Tuesday, August 29, 2006

what I'm thinkin' on these days....

From Astradur Eysteinsson's The Concept of Modernism:

"Adorno has sought a solution to a paradox mentioned earlier in this chapter; he has gone far toward reconciling the oppositional conceptions of modernism as, on the one hand, an autonomous aesthetic practice and, on the other, a historical-cultural force. But on at least one level, it seems to me, this solution may have been bought at too high a price. While Adorno's outright rejection of intentionality and the validity of authorial-subjective expression may be justified, he goes too far in erasing the notion of any kind of social consciousness behind the creation of the work. Artists and writers, according to Adorno, should not think of themselves as critical agents, they should concentrate on formal matters, for what is socially determinant in works of art 'is content that articulates itself in formal structures'. Through the socially unconscious wielding of form, history would find its way into works of art, since it is an inherent part of them, whereby the works constitute themselves as an unconscious historiography of their age. There is a sense in which this certainly holds true, but as a general rule it borders on an essentialist reflection theory, and even though we may agree that form, in one way or another, is always historical, we do not have to share Adorno's rejection of artists and writers, such as Brecht, who self-consciously use their formal constructions as vehicles of more 'obtrusively' foregrounded social issues" (44).

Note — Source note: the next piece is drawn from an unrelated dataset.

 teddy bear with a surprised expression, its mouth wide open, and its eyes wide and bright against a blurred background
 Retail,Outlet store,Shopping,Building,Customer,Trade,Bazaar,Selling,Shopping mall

I think he (Eysteinsson) doesn't quite get right how the dialectical relationship between the artist and the work, according to Adorno, does in fact include a socially conscious intentionality even as it inscribes this relationship formally. That is, Adorno is concerned with the relations of production, and the construction of works of art takes place within and outside these relations. Adorno's description of the modern artwork's evolution puts dialectical materialism at the service of Kantian aesthetics (or vice versa). There is a critical dynamic at work in the construction of the aesthetic object that includes both its maker and the objective reality of its form:

and here's Adorno in Aesthetic Theory:

"In emphatic opposition to the illusion of the organic nature of art, the material concept of the modern implies a conscious control over its means. Even here material production and artistic production converge"( 35).

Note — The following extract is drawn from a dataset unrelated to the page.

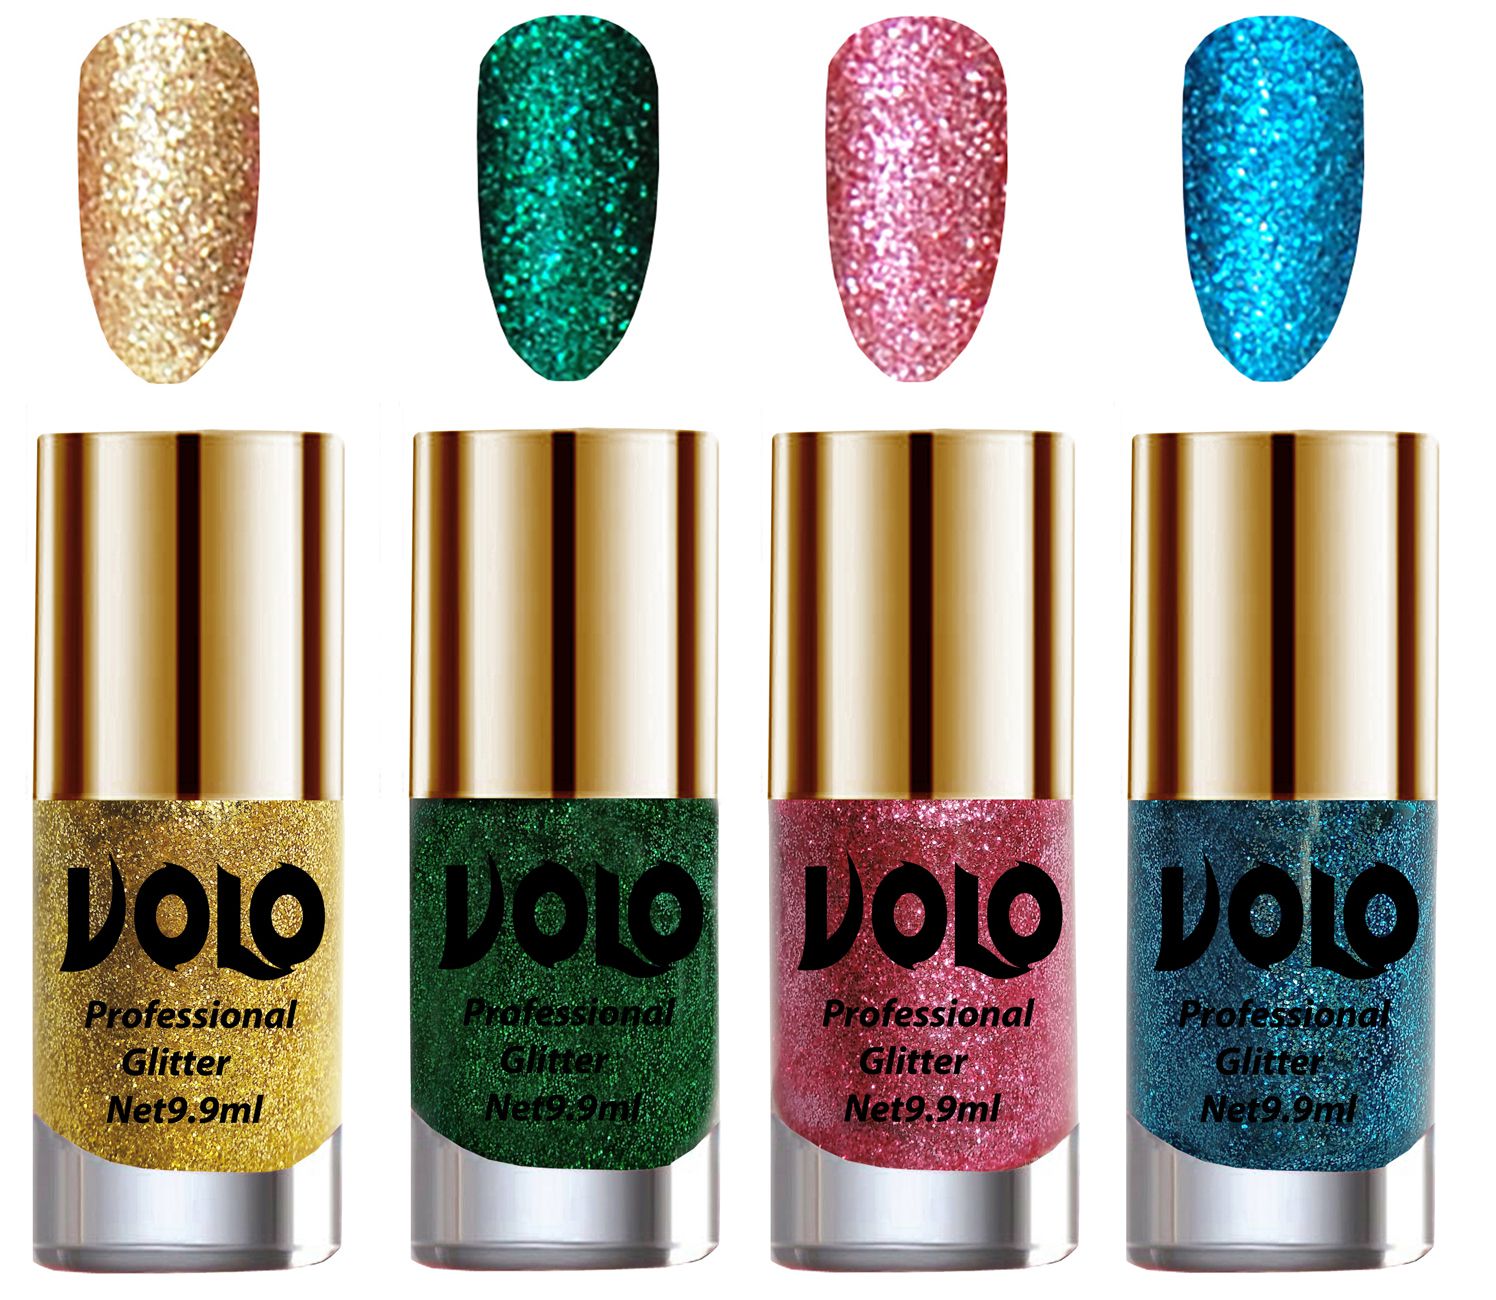     			VOLO Professionally Used Glitter Shine Nail Polish Gold,Green,Pink Blue Pack of 4 39 mL

"[T]he artists's metier never originates wholly out of a single work. No artist approaches his work with nothing but the eyes, ears, or linguistic capacity for just it. The realization of a specific work always presupposes qualities gained beyond the spell of the work's specification; only dilettantes confuse orginality with tabula rasa. Although it appears to be merely subjective, the totum of forces invested in the work is the potential presence of the collective according to the level of available productive forces: Windowless, it contains the monad. This is most strikingly evident in the critical corrections made by artists. In every improvement to which he is compelled, often enough in conflict with what he considers his primary impulse, the artist works as social agent, indifferent to society's own consciousness. He embodies the social forces of production without necessarily being bound by the censorship dictated by the relations of production, which he continually criticizes by following the rigors of his metier. In the many particular situations with which the work confronts its author there are always many available suultions, but the multiplicity of solutions is finite and surveyable as a whole. Metier sets boundaries against the bad infinity in works. It makes concrete what, in the language of Hegel's Logic, might be called the abstract possibility of artworks. Therefore every authentic artist is obsessed with technical procedures; the fetishism of means also has a legitimate aspect" (44-45).